When she asked me that question, I stared back at her and said: “For God.”

She looked at me more intently. The gleam in her eyes seemed to draw from my eyes all the light that they possessed. “For God, huh?”

“Yes, for God.”

She played with the hem of her dress. “But God isn’t human, is he? I’m human and I have to eat. Does God have to eat, too?”

I didn’t respond.

“If God has to eat, that means he’s human,” she added seriously, while tugging on my skirt.

“God is not human!” I spurted.

“Then what is he?” she challenged.

I had a difficult time thinking of an explanation for this curious child of mine.

“You have to eat, don’t you?” I asked her.

“Yes.
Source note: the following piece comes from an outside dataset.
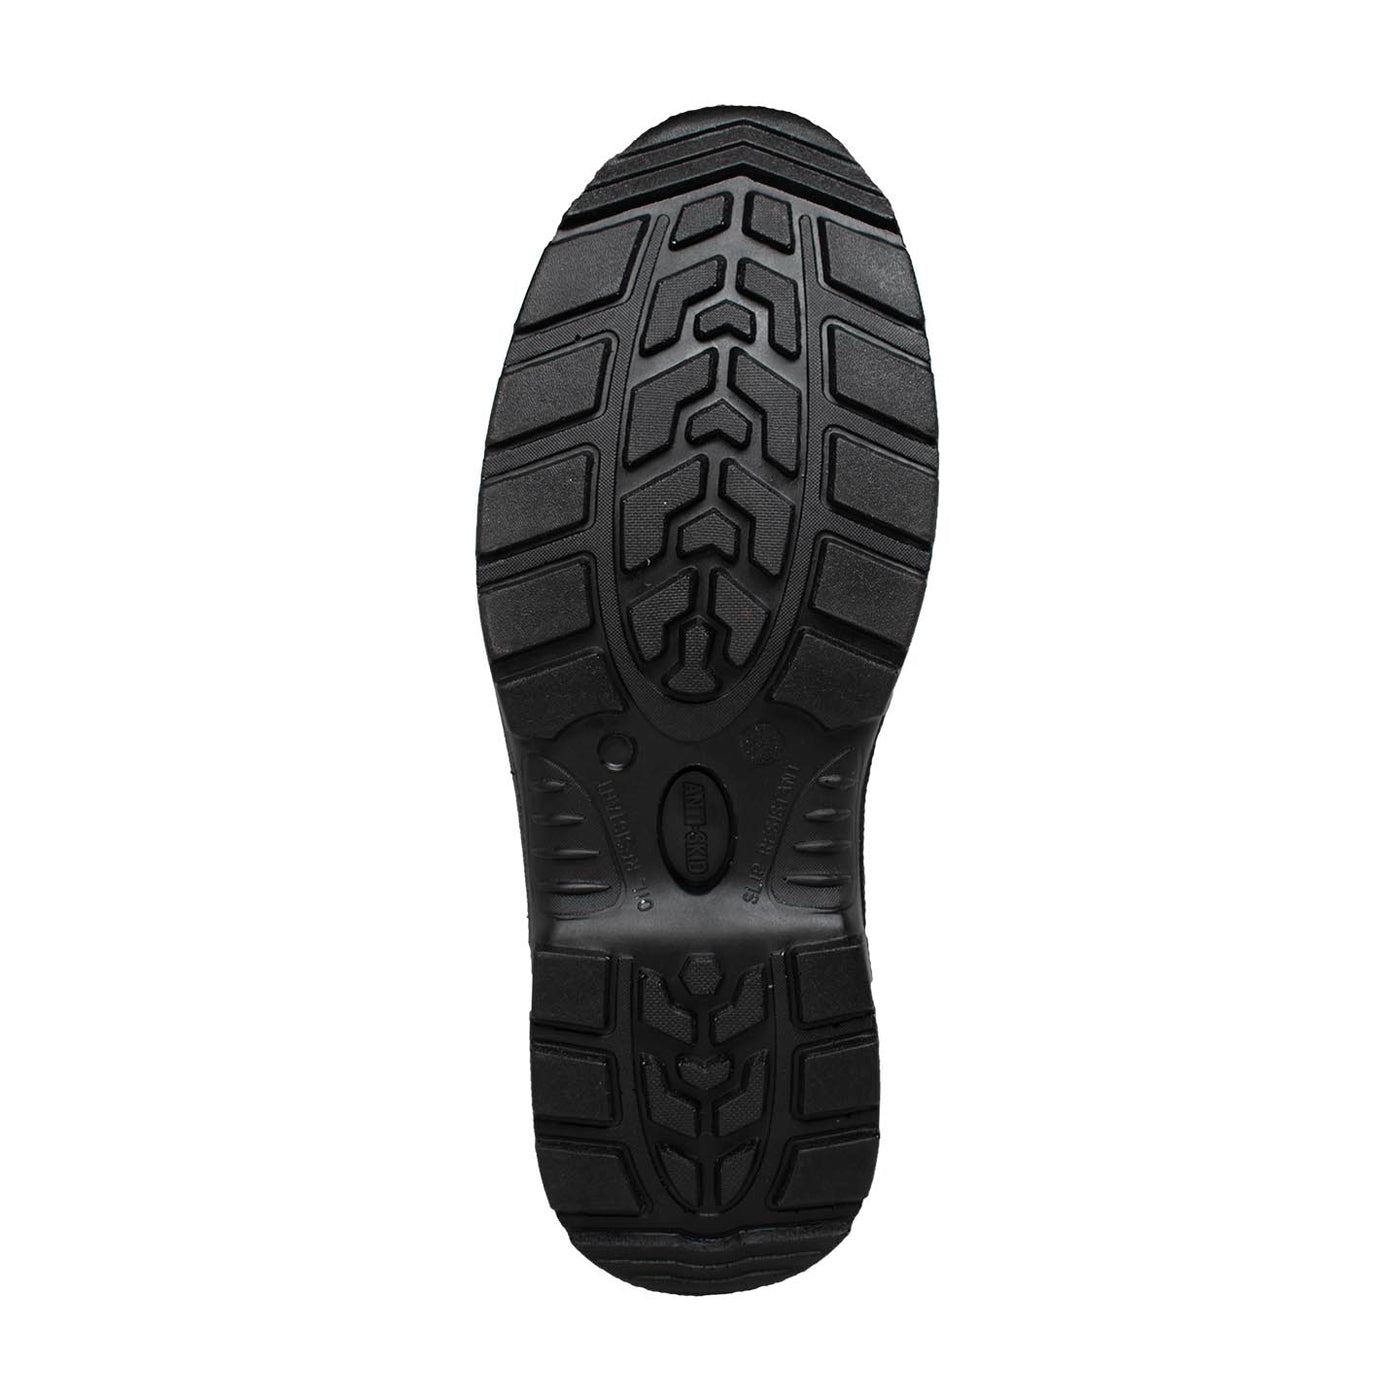 Men's 6" Brown Steel Toe Work Boots - 9895 - Shop Genuine Leather men & women's boots online | AdTecFootWear

But what about God?” she asked, almost shouting, with an unexpected urgency.

“The offerings that I prepare before you and your Father take your meals are a way of giving thanks.”

She gave me a serious look. “So, you mean you have to bribe God, so that you can get a share?”

I rolled my eyes.

“What then?” she asked innocently.

“That’s not it. It’s a sign of appreciation to God for granting your father a good job. That’s how he is able to buy you nice clothes, candy, toys, and dolls.”

“Well if you didn’t make an offering every day, would God get angry?”

“God never gets angry.”

“Well, then why do it every day?” Putu asked with some logic. She stroked my hand and looked into my eyes again. “Mother,” she said in a half-whisper, “what if we make a test for God?”

I rolled my eyes again. Gracious! What had gotten into the head of my precious girl?

I endeavored to be patient. “What are you talking about?”

“Testing God. Would that make him angry? I want to see him angry.” She then spoke into my ear, another half-whisper. “But you have to be careful, Mother...” She blinked; her round eyes displayed an unusual precociousness.

My irritation at Putu’s questions suddenly changed to curiosity. “Why?”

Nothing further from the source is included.